There’s the route I like and there’s the route I take.

He said he started studying shiatsu. He is a twenty-eight year old Australian punk guitarist.

Deliberately annoyed but unaware of my own bigotry, I ask him as a half-joke why all white men are so obsessed with China.

He says it’s not about China it’s about touch.

Letter of request for compensation to the Deutsche Bahn

Dear DB,
This is going to be about borders again.

Dear DB,
Let’s start with the positive. I love your trains. I love the white outside and blue inside, I love how much cleaner the toilets are in comparison with French and Dutch trains. It’s nice. I like to splurge on a Curry Wurst and beer in the dining car. I like that it’s available to me. I like the uniform of your employees, again, great color combo. Direct, elegant.
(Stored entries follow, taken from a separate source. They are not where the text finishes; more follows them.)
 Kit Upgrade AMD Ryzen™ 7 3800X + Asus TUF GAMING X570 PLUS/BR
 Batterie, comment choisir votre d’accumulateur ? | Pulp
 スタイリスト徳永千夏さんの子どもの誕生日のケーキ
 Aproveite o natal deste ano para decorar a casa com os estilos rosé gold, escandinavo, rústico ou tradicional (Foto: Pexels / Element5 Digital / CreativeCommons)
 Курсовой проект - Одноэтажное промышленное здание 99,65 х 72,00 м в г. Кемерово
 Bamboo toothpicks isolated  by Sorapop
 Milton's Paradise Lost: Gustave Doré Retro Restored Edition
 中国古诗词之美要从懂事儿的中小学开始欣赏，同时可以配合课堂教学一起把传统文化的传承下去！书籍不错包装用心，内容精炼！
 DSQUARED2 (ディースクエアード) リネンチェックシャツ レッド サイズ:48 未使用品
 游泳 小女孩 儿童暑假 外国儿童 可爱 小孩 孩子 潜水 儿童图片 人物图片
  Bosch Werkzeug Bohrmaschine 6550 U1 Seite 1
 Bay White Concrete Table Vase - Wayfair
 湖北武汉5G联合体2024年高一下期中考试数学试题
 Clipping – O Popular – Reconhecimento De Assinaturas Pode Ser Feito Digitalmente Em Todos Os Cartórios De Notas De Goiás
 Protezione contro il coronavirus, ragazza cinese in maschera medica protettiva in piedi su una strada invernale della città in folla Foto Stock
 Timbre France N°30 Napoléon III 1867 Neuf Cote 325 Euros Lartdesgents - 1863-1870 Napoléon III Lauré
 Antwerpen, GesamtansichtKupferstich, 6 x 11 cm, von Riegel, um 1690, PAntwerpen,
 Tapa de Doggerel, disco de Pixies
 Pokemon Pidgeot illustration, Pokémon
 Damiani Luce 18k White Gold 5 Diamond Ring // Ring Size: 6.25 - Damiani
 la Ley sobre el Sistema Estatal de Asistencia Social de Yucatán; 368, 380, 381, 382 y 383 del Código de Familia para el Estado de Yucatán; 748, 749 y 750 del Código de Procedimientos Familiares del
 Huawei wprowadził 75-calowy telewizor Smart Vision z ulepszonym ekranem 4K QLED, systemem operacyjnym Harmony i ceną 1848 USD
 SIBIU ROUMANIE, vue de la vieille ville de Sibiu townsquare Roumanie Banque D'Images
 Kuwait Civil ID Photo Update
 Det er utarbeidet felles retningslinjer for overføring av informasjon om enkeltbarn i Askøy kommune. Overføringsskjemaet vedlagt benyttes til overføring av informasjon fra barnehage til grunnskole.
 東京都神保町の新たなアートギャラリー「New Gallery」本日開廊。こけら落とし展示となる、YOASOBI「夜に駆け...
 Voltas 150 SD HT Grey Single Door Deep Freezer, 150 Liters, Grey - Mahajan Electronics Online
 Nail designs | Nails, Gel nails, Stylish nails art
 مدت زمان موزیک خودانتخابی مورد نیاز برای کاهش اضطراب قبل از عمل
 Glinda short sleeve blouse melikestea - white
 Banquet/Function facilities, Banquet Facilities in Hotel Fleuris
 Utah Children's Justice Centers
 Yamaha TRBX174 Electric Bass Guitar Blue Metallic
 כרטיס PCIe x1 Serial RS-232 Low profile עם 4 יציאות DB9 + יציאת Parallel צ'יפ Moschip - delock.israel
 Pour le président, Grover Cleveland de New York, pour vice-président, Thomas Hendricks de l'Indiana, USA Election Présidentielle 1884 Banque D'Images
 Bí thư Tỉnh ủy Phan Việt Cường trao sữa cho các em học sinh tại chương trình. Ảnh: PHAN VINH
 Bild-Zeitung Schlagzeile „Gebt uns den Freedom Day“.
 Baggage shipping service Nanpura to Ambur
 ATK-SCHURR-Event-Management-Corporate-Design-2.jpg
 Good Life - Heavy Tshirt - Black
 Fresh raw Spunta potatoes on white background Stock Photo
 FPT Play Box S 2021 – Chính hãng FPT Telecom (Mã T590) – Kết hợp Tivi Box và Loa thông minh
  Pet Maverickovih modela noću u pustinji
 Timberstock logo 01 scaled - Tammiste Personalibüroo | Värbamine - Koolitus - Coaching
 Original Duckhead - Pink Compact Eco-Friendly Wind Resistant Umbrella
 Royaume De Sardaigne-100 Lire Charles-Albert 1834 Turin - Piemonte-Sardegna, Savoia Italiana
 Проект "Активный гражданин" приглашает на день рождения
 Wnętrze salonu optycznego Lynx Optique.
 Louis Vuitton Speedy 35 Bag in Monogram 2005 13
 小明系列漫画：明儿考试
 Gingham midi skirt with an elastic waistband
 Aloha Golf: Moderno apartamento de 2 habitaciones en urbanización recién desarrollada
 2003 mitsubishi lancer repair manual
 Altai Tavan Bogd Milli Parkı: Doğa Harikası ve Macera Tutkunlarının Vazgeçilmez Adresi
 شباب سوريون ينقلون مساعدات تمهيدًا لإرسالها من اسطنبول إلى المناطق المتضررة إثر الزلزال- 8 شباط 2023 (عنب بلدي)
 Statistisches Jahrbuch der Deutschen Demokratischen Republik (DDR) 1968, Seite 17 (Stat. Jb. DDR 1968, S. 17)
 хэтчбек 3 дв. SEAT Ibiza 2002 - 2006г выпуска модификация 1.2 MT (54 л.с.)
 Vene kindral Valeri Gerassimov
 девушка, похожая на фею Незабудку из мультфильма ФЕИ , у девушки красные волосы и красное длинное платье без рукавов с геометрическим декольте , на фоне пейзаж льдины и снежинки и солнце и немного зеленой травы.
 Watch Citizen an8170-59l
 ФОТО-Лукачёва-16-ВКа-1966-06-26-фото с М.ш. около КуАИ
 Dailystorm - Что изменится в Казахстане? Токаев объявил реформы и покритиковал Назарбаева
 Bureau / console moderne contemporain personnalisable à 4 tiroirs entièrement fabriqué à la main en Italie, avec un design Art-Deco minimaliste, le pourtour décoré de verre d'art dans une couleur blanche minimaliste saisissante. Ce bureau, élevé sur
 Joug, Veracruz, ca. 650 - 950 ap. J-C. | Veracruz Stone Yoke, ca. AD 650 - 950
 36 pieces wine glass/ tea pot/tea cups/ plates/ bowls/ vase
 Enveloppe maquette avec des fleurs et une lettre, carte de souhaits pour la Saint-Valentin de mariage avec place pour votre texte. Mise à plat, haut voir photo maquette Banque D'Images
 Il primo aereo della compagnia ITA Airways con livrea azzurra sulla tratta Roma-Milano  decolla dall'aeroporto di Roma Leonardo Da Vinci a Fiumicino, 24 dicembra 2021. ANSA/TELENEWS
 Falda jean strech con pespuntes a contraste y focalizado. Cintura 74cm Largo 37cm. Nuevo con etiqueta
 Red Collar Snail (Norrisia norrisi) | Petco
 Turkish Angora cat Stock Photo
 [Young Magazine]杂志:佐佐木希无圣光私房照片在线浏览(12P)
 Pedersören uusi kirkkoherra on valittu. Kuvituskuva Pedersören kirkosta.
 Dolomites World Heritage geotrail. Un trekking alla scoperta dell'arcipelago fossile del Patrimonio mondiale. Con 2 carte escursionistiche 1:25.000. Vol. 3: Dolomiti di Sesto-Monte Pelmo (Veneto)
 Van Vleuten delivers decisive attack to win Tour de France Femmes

Dear DB, my partner and I live in two different countries and are therefore very much dependent on your trains and your service. He lives in Frankfurt, where he studies Art at the prestigious Städelschule. I also study Art in Amsterdam, in the less prestigious, but maybe a bit more fun Gerrit Rietveld Academie. He does video animation, I write. We go back and forth.

In the last month only, whenever we purchased a ticket from your company, our train got cancelled. That’s four times in a row. On one occasion, I was two hours late for his show and got five euros in compensation.
But how can one indemnify FOMO? This is the object of my letter.

Obviously, from a statistical point of view, it is normal. We book a lot of trains, so the probability of them being late or cancelled is greater. I understand that. But it seems to me that what we’ve experienced over the last few weeks goes beyond any statistical estimation, and is perhaps a « glitch ». Not a real one but maybe a karmic one or something.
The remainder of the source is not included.